Hewlett Packard Enterprise Co. (HPE) and Dell EMC remain the leaders in the space. HPE continues to make the most money, with $3.1 billion in revenues, and leads in market share, with 21%. Those numbers, however, represent a slight decline of 3.2% from 2016.
Dell comes in second in both revenues and market share, but unlike HPE, it showed strong growth of nearly 38 percent over 2016.
While those numbers are interesting, the most eye-opening figures in the report come from Inspur Electronics, a Chinese company that specializes in cloud computing. Inspur surpassed $1 billion in revenue for Q3, more than doubling its growth, and nearly catching IBM for third place on the list. Gartner stated that Inspur’s staggering growth was “driven by ongoing sales into China-based cloud providers.”
Inspur specializes in end-to-end HPC, cloud computing, and private and public cloud management. It provides a full service stack and the gamut of “as-a-service” offerings, including Infrastructure-as-a-Service, Platform-as-a-Service and Software-as-a-Service.
Inspur has been around a long time, but their sudden rocketing growth in the cloud space will come as a surprise to many.
Should it, though? Increasing server sales shouldn’t surprise anyone who’s been paying close attention to trends. Cloud computing requires more resources, not fewer. The need to move data back and forth between on-premises data centers and public/hybrid clouds demands faster, more efficient CPUs and storage. Pooling resources only gets you so far; eventually, you have to increase the size of the pool if you want to keep up. Latency – a key factor in cloud usage (or lack thereof) – won’t be overcome only by strategies like using containers and other technologies. You eventually need more hardware, too.
All Thanks to the Cloud
Gartner’s figures were more than backed up by another major analyst firm, IDC, when it released its own Q3 figures. It showed a similar increase in server shipments, and chalked the increase up to the same cause:
“Hyperscalers continued driving volume demand in the third quarter, with Amazon again leading the charge, as Google and Facebook also began ramping up their server deployments again,” said Kuba Stolarski, research director of Computing Platforms at IDC. “While ODMs have largely been the beneficiaries of hyperscaler server demand, some OEMs have now begun to experience significant growth related to the enterprise segment.”
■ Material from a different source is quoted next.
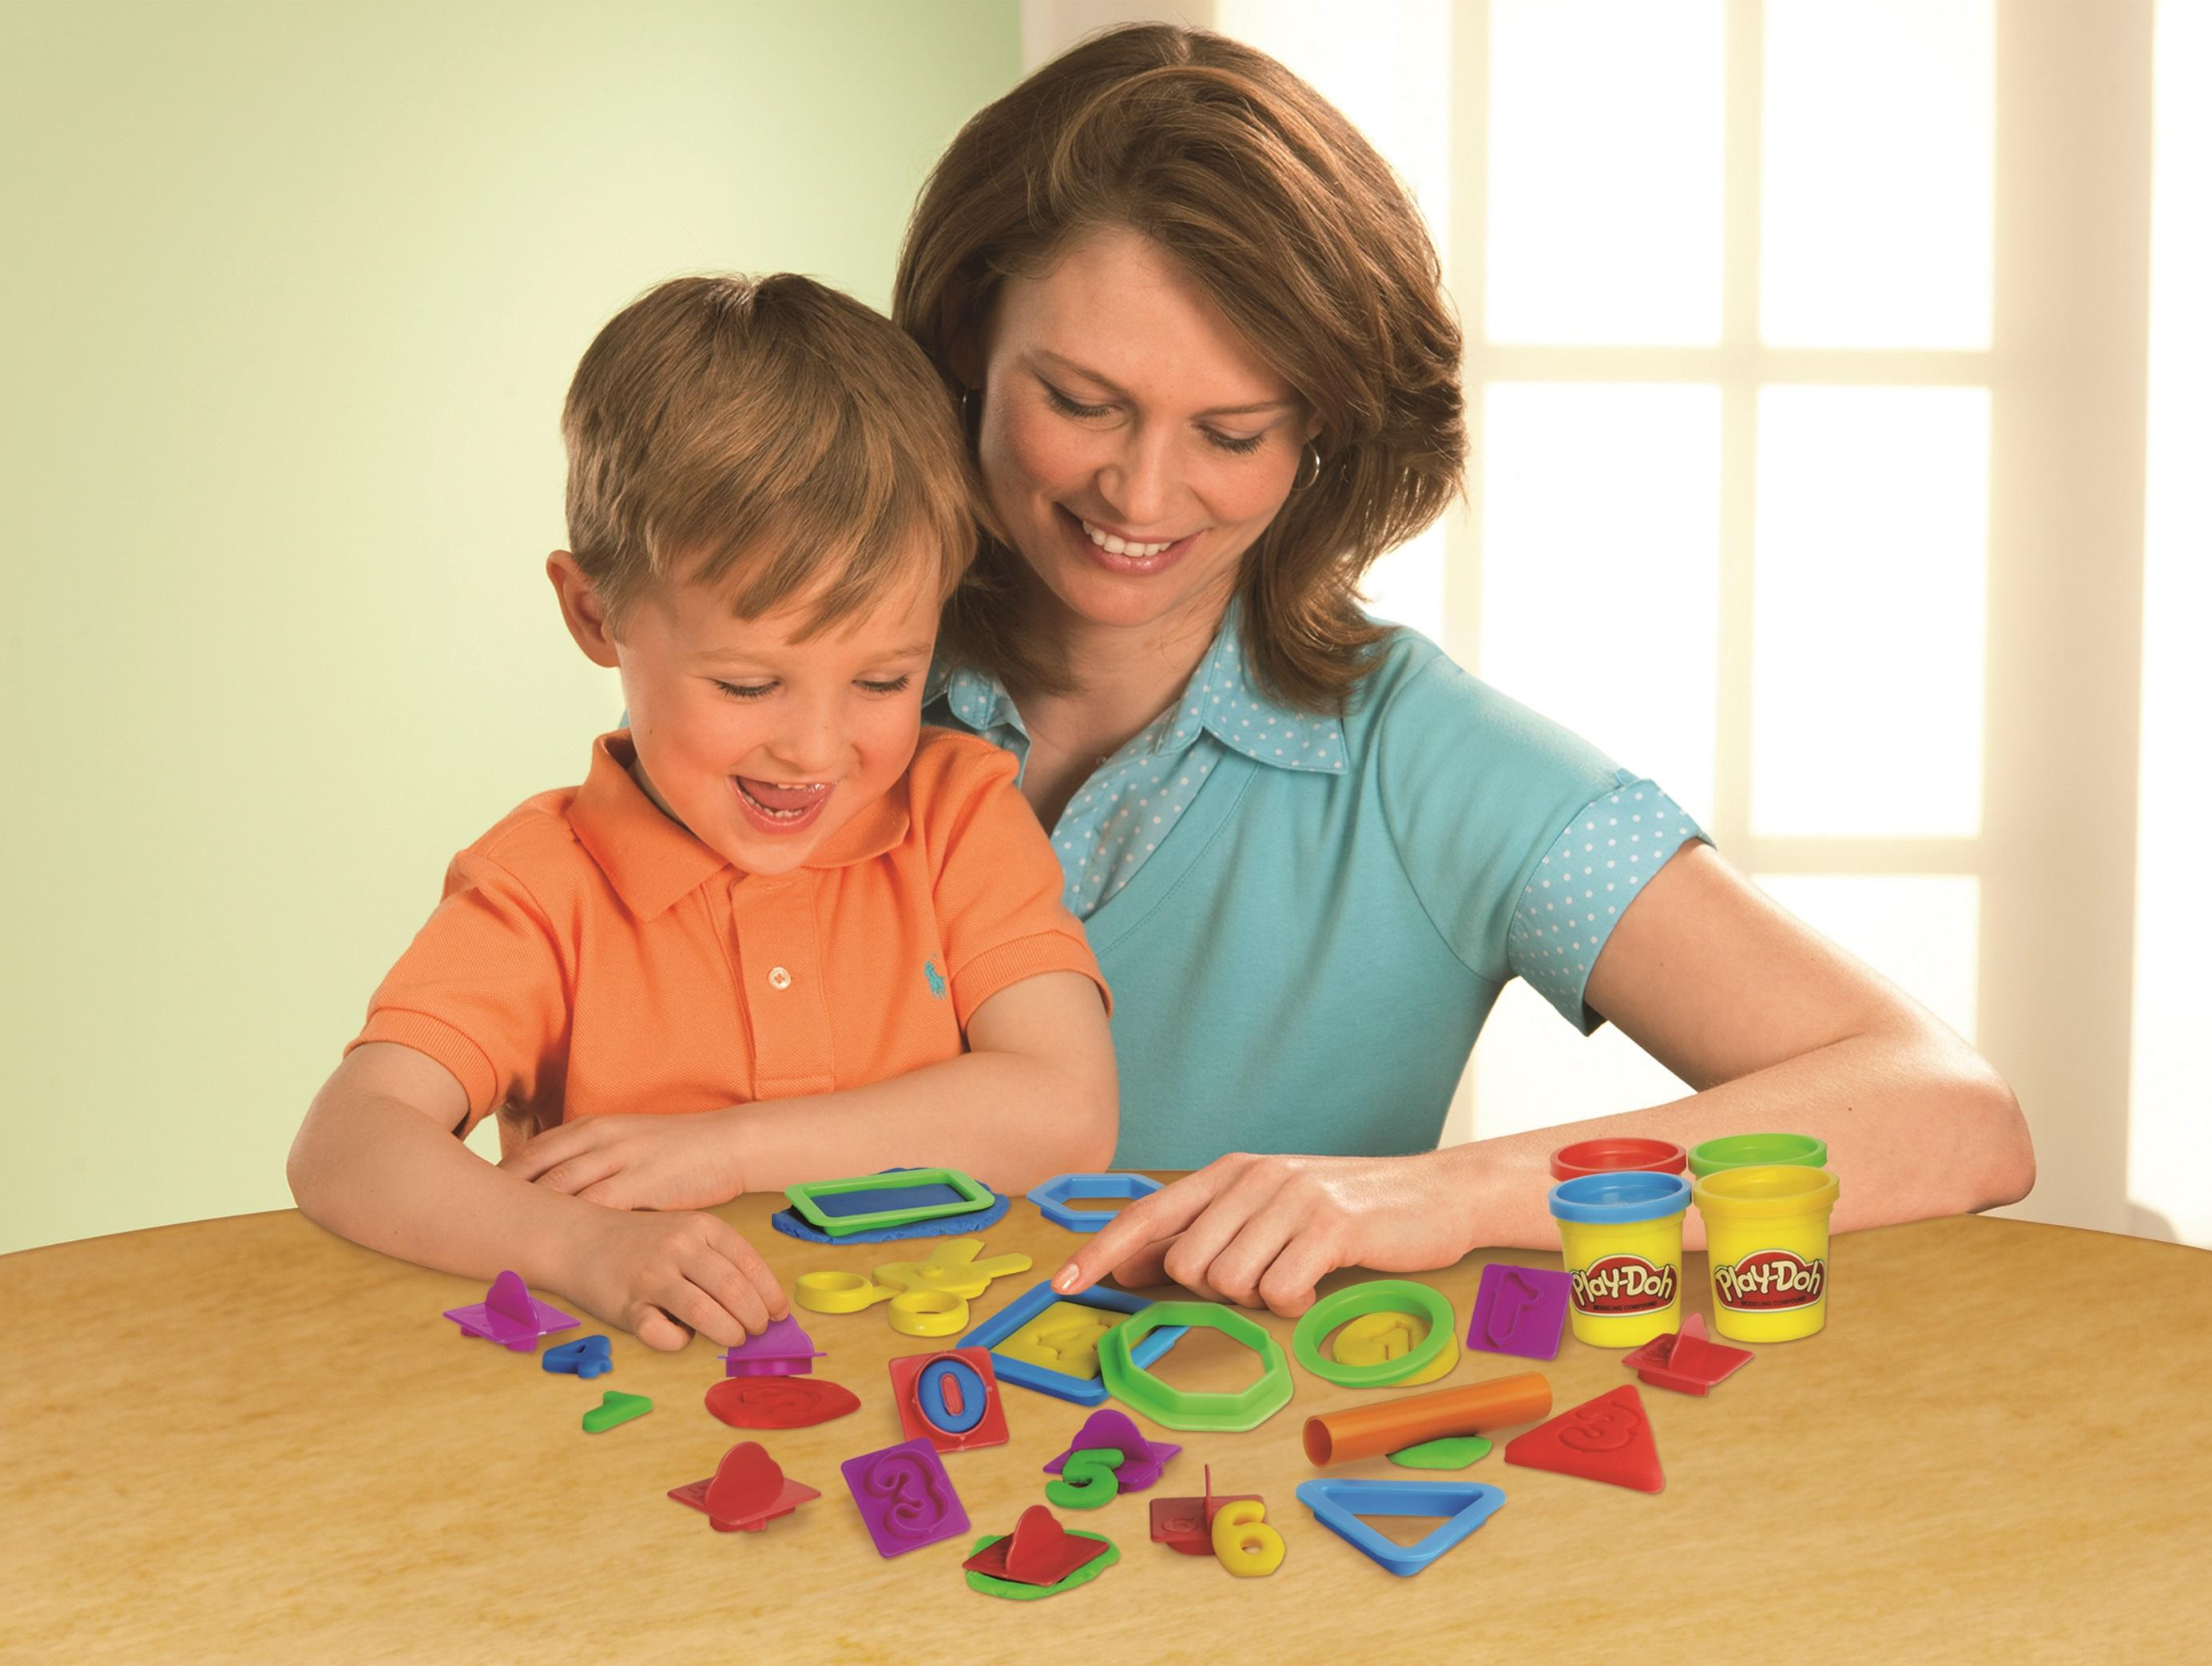 Kinder mit Play-Doh Knete förderm

There are several takeaways from this news. One is that you have more choices than ever when it comes to the cloud. Private, public, hybrid – they’re here now, and there’s a lot more coming. New options are open to you to find the perfect fit for your company’s needs and budget. Choice is good.
It also shows the increasing strength of the hyperconvergence market. Hyperconvergence is white-hot right now, and those devices are being built on x86 servers. Hyperconvergence scales fantastically well, and adding capacity is easy. That’s why they’re favored by cloud vendors.
The news follows on similarly good sales news from the previous quarter, demonstrating that this isn’t likely to be a momentary blip on the radar, a small uptick followed by a crash. Propelled by the various manifestations of cloud computing, servers are back, and the future is looking brighter.